現在では欧米と科学技術の進歩で肩を並べるようになりましたので、かつてのような情報蓄積の格差が洋書を読む原因ではなくなりました。むしろ、日米欧のいわゆる三極は、互いに凌ぎを削って競争を繰り広げている状況です。このため、お互いに新たな成果は急いで摂取する必要があり、相手に対して後れを摂らないようにしなければならない、というのが、現在でも引き続き洋書を読まなければならない主な理由となっています。つまり、競争相手である欧米の最新の科学技術や学術の進歩をチェックする必要があるということです。

なお、現在では、BRICsと総称される中国・インド・ロシア・ブラジルも頭角を現していて、やがては日米欧の水準に追いつくことも考えられます。特に、中国は物凄い勢いで成長しており、やがて日米欧の水準に追いつく可能性が高いといえます。幸い、日本では中国語を習得する人々の数も比較的多く、そうなった場合の備えは十分にできていると思います。

第三に、情報は「世界の中心」に集中する傾向があります。この「世界の中心」というのは、分野によっては異なります。

例えば、現在、マンガやアニメの分野で「世界の中心」となっている国は日本です。日本では、物凄い量のマンガやアニメが蓄積されることにより、それがさらに優れたマンガやアニメを生み出すという好循環が生まれ、他の国は全く及びもつかない圧倒的なマンガ・アニメの文化が形成されました。実際、日本のマンガとアニメはたいへん優れているため、世界に向けてどんどん翻訳されて輸出されています。しかしながら、翻訳されたマンガやアニメというのは、日本の豊かなマンガ・アニメ文化のごく一部に過ぎません。
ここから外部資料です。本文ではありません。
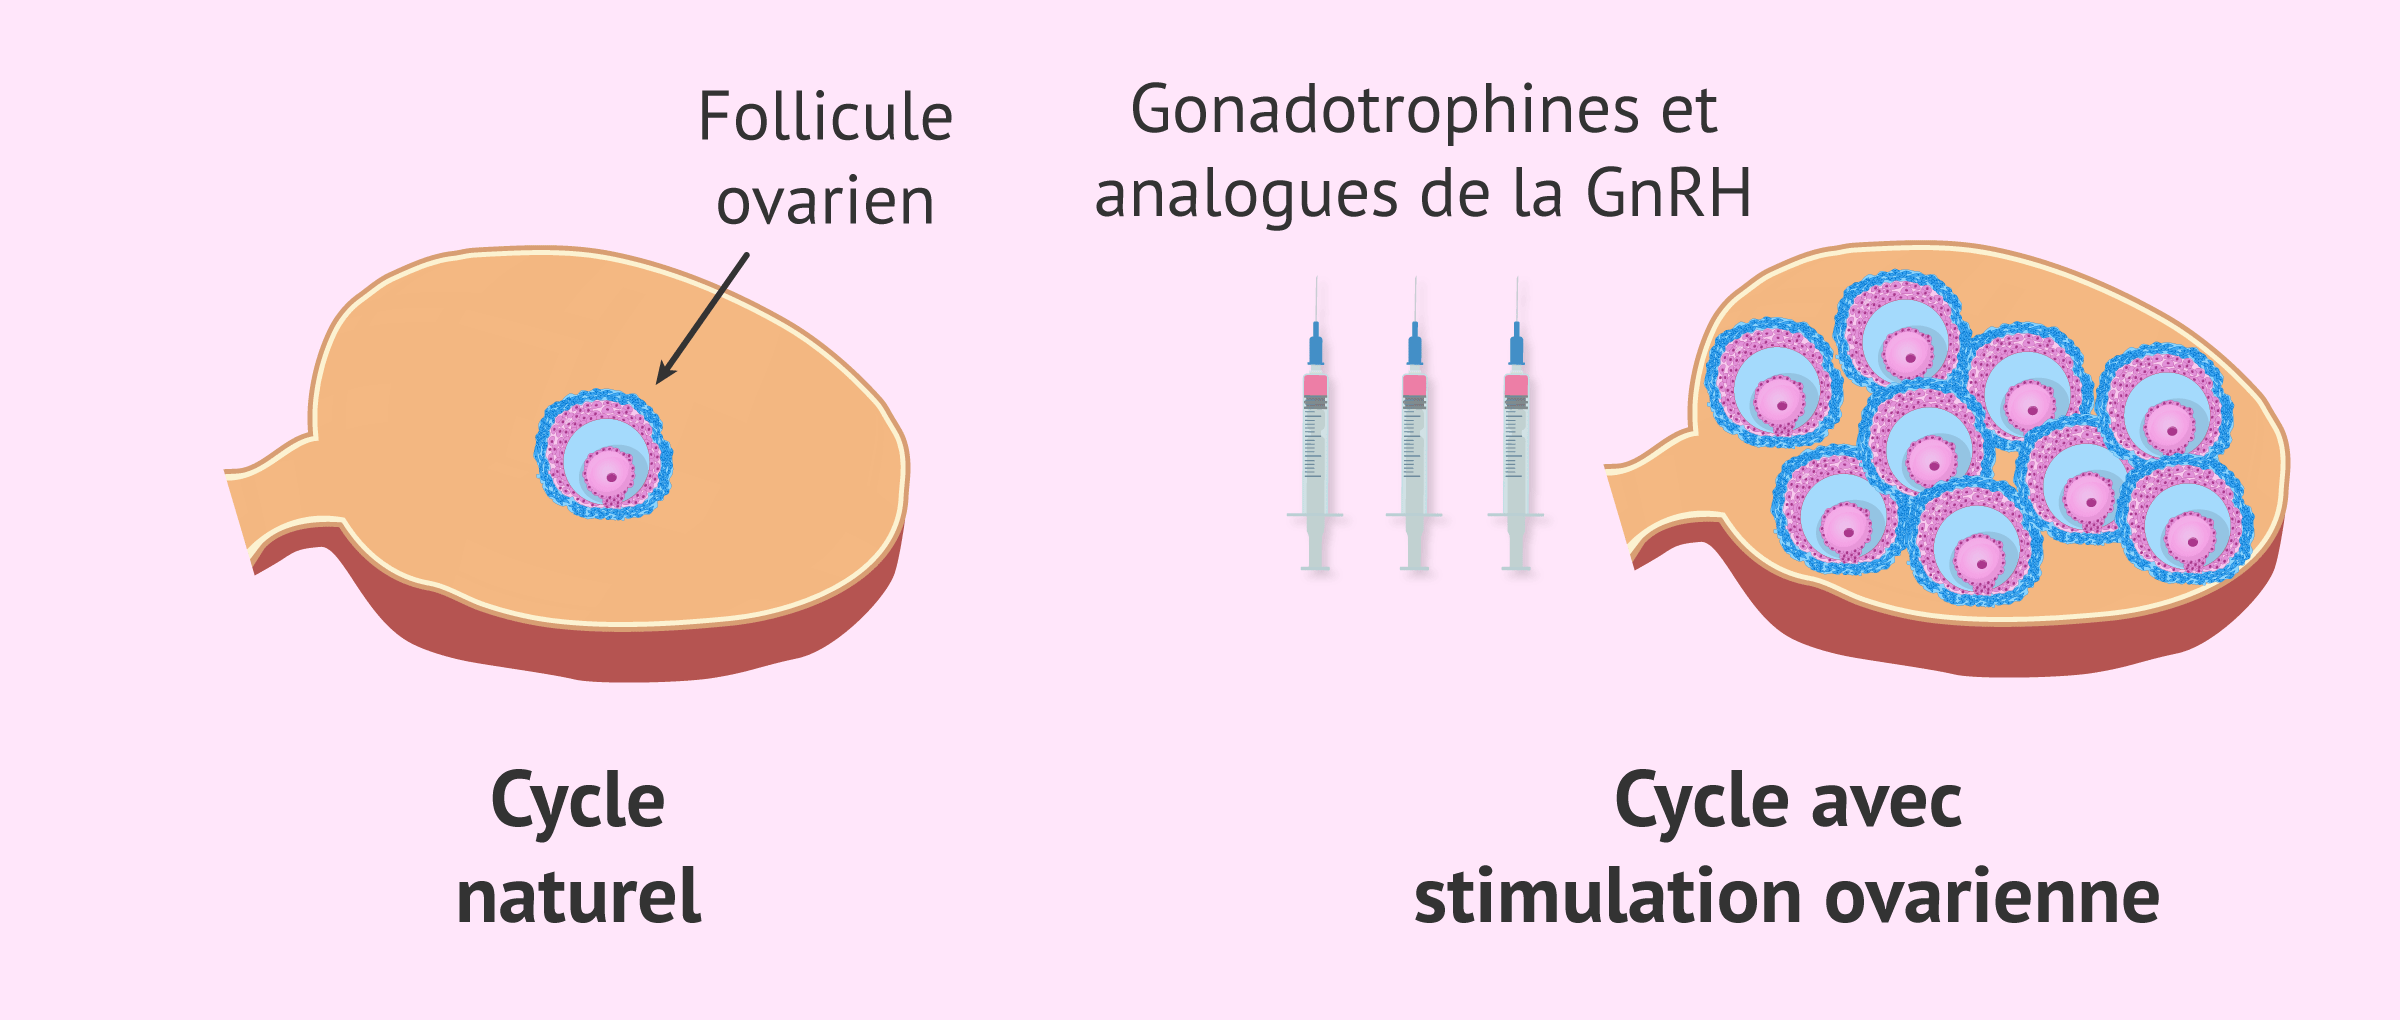 Cycle naturel et cycle avec stimulation ovarienne contrôlée

外国語に翻訳されていないマンガやアニメは、まだまだごまんとあります。そして、日本語を学ぶことにより、この翻訳されていないマンガやアニメの豊かな蓄積に直接アクセスしようというのが、世界中のマンガ・アニメファンのやっていることなのです。

逆に、現在、ビジネスに関する「世界の中心」となっている国はアメリカです。アメリカには、ビジネスに関する物凄い量のノウハウが蓄積されています。これは、他のどの国も及びもつかない圧倒的な情報蓄積量です。これが、アメリカを世界一の経済大国に押し上げている最も大きな要因です。アメリカのビジネス書は世界に向けてどんどん翻訳されて輸出されていますが、英語以外の言語に翻訳されていないビジネス書は、まだまだごまんとあります。そして、英語でこの豊かな蓄積情報にアクセスしようというのが、英書でビジネス書を読むということの意味です。

前述のように、どこが「世界の中心」かということは、分野によって異なります。社会科学・自然科学・人文科学のそれぞれの分野において、どこが「世界の中心」かをよく見定めて、そこから情報を摂取する必要があります。